Posted by Paul at 08:11 PM

February 24, 2007

NewsLeader Publishes My Green Street Letter

The Burnaby NewsLeader published my letter in support of the City of Burnaby's green street initiative that I wrote about here.

Unfortunately, you cannot link to specific NL items, so I'll just paste it here:

Burnaby?s alternative street design project applauded

Feb 23 2007

Kudos to the City of Burnaby for initiating a pilot project to make Clinton Street greener while benefiting Byrne Creek and the surrounding environment. (NewsLeader, Feb. 22)

I am excited by this plan and envy local residents who will likely see the beautification of their street result in a reinforced sense of community and higher property values. What bonuses to appreciate, while also knowing their street will have a positive effect on the health of their watershed, and their own physical and mental well-being.

As a volunteer with the Byrne Creek Streamkeepers, I am elated the City has chosen this area for the pilot project.

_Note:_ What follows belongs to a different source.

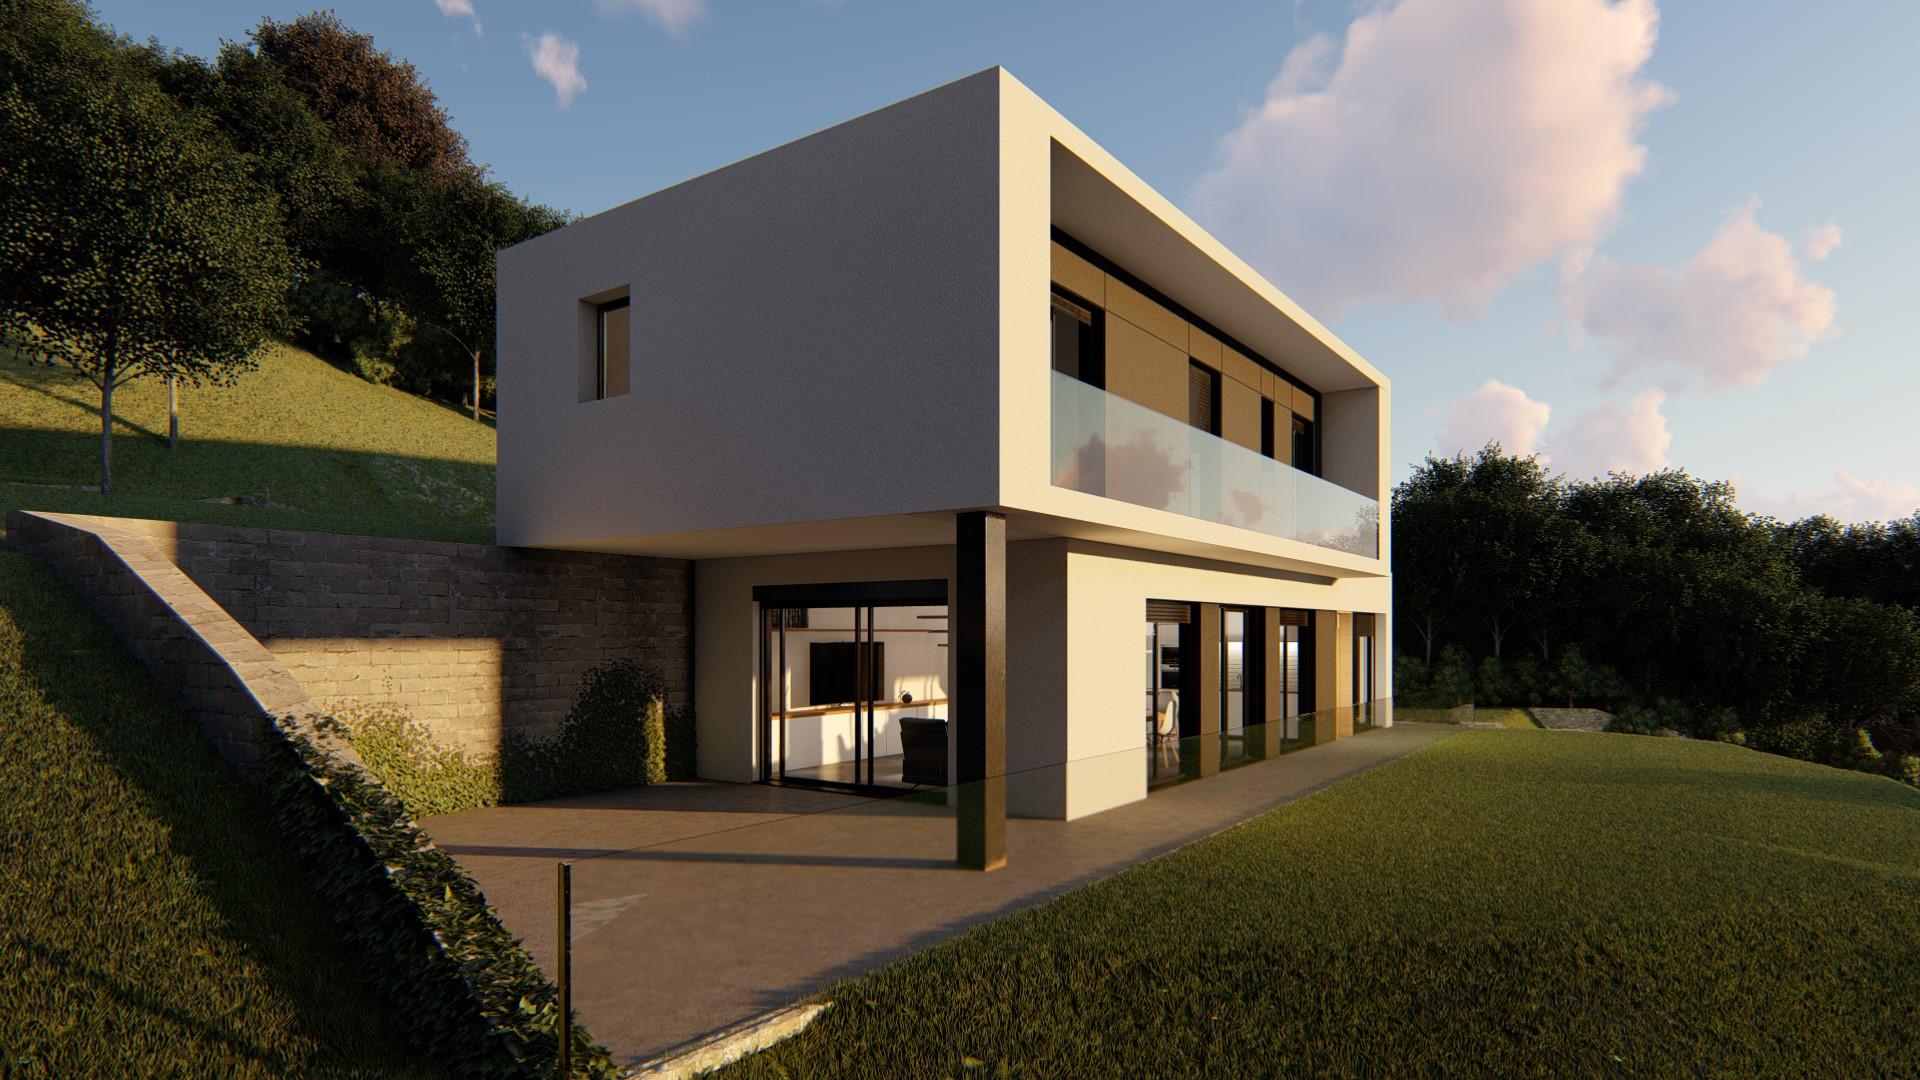 Casa prefabricada modelo pedritxes Exterior fachada

One of our greatest concerns as stewards of our beautiful neighbourhood waterway is the impact of unrestrained flows of rainwater through street drains directly into the creek. Not only do such huge flows from impervious surfaces such as roads and parking lots contribute to erosion and sedimentation of salmon spawning areas, they also carry pollutants such as oil, antifreeze, brake-lining dust, and other toxins into the creek.

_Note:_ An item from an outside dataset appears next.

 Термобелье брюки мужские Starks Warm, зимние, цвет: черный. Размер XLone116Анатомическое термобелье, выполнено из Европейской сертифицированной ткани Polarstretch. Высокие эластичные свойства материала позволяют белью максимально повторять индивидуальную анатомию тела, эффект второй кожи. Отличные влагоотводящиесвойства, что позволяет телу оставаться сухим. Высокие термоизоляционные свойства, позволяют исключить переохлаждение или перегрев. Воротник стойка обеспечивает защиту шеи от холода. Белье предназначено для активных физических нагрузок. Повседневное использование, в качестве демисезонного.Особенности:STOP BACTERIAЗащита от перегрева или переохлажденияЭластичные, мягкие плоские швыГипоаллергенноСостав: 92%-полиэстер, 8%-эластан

The City?s street edge alternative (SEA) project will help on both counts.

I sense that as a society we are becoming increasingly aware of our impact on our environment, and are realizing that we can all make a difference. Indeed, that we all must start making a difference if our children and grandchildren are to enjoy healthy, sustainable lives.

Such change happens person by person, neighbourhood by neighbourhood, and I am proud that the city I have chosen to live in is taking the lead in fostering such progress.

Paul Cipywnyk

Posted by Paul at 01:06 PM

February 22, 2007

SEA Street Pilot For Southeast Burnaby

Burnaby is planning a pilot SEA (street edge alternative) project on a section of Clinton St. near Ron McLean Park. This is a very exciting development, and I'm elated that it's going into the Byrne Creek watershed, where I volunteer as a streamkeeper.

What's so great about SEA streets? They reduce the amount of rain that runs off into rain drains (storm drains :-) by as much as 90% or even more compared to traditional streets with curbs and gutters. This is very important to local creeks because all of those street drains connect directly to them. That means every time it rains, massive amounts of water go shooting down the creeks because it cannot sink into the ground, or be caught by vegetation, as it did in pre-development times.

Not only do SEA streets reduce runoff, they also help to filter pollutants such as oil, gas, brake-lining dust, antifreeze and other substances that collect on roads. They do this by providing vegetated swales, or shallow ditches beside roads, so that water can soak into the ground. Not only are they functional, they are also beautiful. I hope the neighborhood gets excited about this project, and that it goes well, so that it expands to other areas.

Seattle has had great success with SEA streets. Here are a few links:

Street Edge Alternatives Project

SEA Steets Virtual Tour

Wikipedia entry on daylighting creeks and SEA streets.

Wikipedia entry on rain gardens and SEA streets.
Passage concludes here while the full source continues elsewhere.